The night’s grimy trappings did evoke an after hours rave, which I suppose was the point. Arcade Fire, under Mr. Murphy’s guidance, is belatedly hopping on the dance music bandwagon two years after LCD Soundsystem retired, signaling the end of the disco-punk era. They also trail Daft Punk, which earlier this year brought “life back to music” with vintage analog beats. A more troubling comparison could be to Lady Gaga, whose recent penchant for—in Jon Caramanica’s words—“cheap experimental theater” is rivaled by Arcade Fire’s embrace of face paint, life-sized bobble heads and whatever the hell Regine Chassagne is doing  at the 2:30 mark here.

Granted, “Reflektor” doesn’t strive for steely techno, doomsday dubstep or club banger status.
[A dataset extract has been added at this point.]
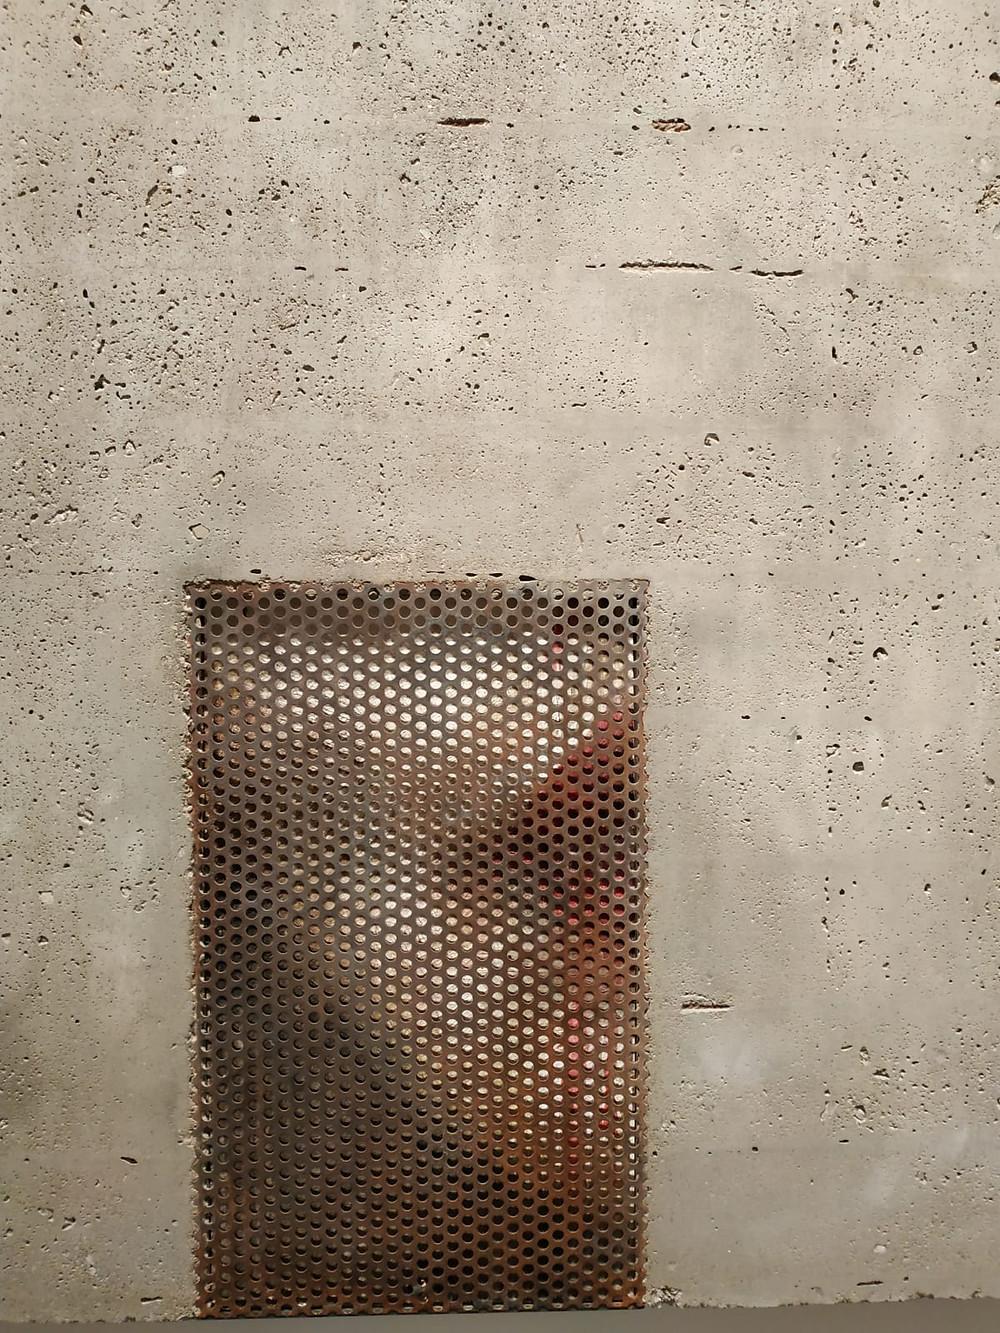 compuesta por seis piezas | Foto: Guillermo Martínez
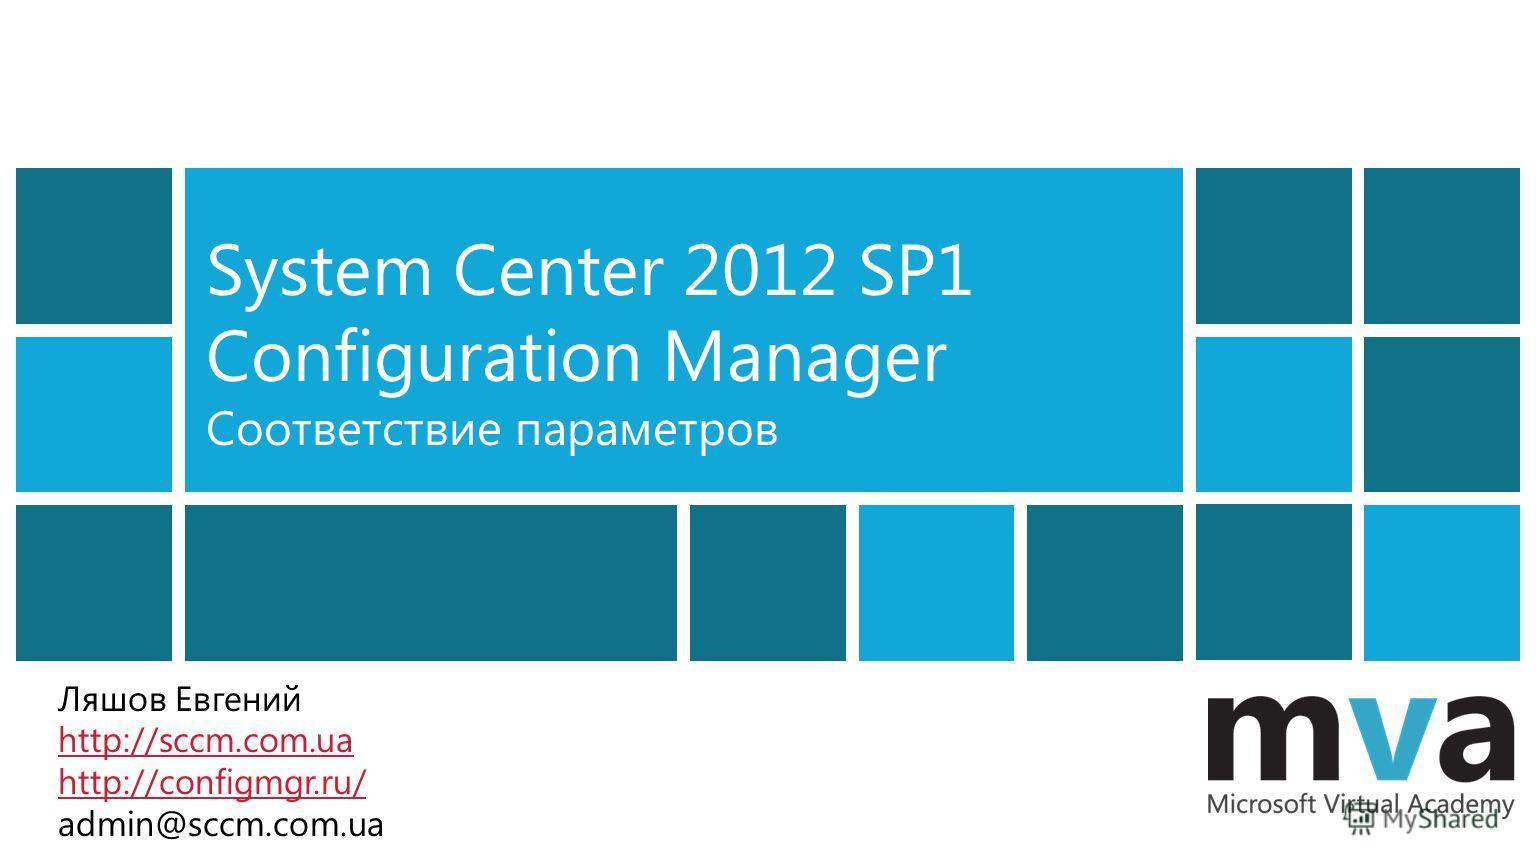 System Center 2012 SP1 Configuration Manager Соответствие параметров Ляшов Евгений http://sccm.com.ua http://configmgr.ru/ admin@sccm.com.ua

The plodding reggae homage “Flashbulb Eyes” came second and was one of the evening’s few true duds, sending the crowd toward interminable beer lines. Otherwise, the plush “We Exist” nicely conjured a New Wave B-side. On “Normal Person” and “Joan of Arc,” the band tore through some of its most straightforward, if somewhat straight-laced, rock. And the irresistible “Afterlife” recalled the best of the group’s Grammy-winning album “The Suburbs.”

“We’re not quite ready for primetime,” Mr. Butler’s Reflektors alter ego told the somewhat restive crowd of, by some reports, 2,000. “We’ve only played for 200 people before.”  The headliner’s “covers” of Arcade Fire’s “Sprawl II (Mountains Beyond Mountains)” and “Neighborhood #3 (Power Out)” suggested otherwise, even if the live antics of the younger Arcade Fire—scaling concert trusses, drumming on each other’s heads—were absent.

Unfortunately, much of the goodwill restored by the band post-stage fake out evaporated like sweat into the rafters of the overheated 299 Meserole Street. The reigning kings of indie—because, really, The Reflektors in-joke was tired by now—abruptly left the stage after jamming through “Here Comes the Nighttime.” With the lights still out, the audience stood around like idiots for 10, 15, 20 minutes waiting in vain for an encore.

Mr. Butler reemerged to make an awkward, muffled joke about body odor and said, “We’re not playing any more songs. But we are going to play some dance music.” The crowd—or at least my portion of it—loudly booed. Recoiling a bit, Mr. Butler said, “If that’s super a bummer that we’re only going to dance with you and party all night, then go home.” (The dance party was over by midnight.)

Many fans did, the memory of “Neighborhood #3” standing out as a highlight, but the evening’s unfortunate bookends suggesting that Arcade Fire had gotten too big for this sort of block.

This article first ran in the New York Observer.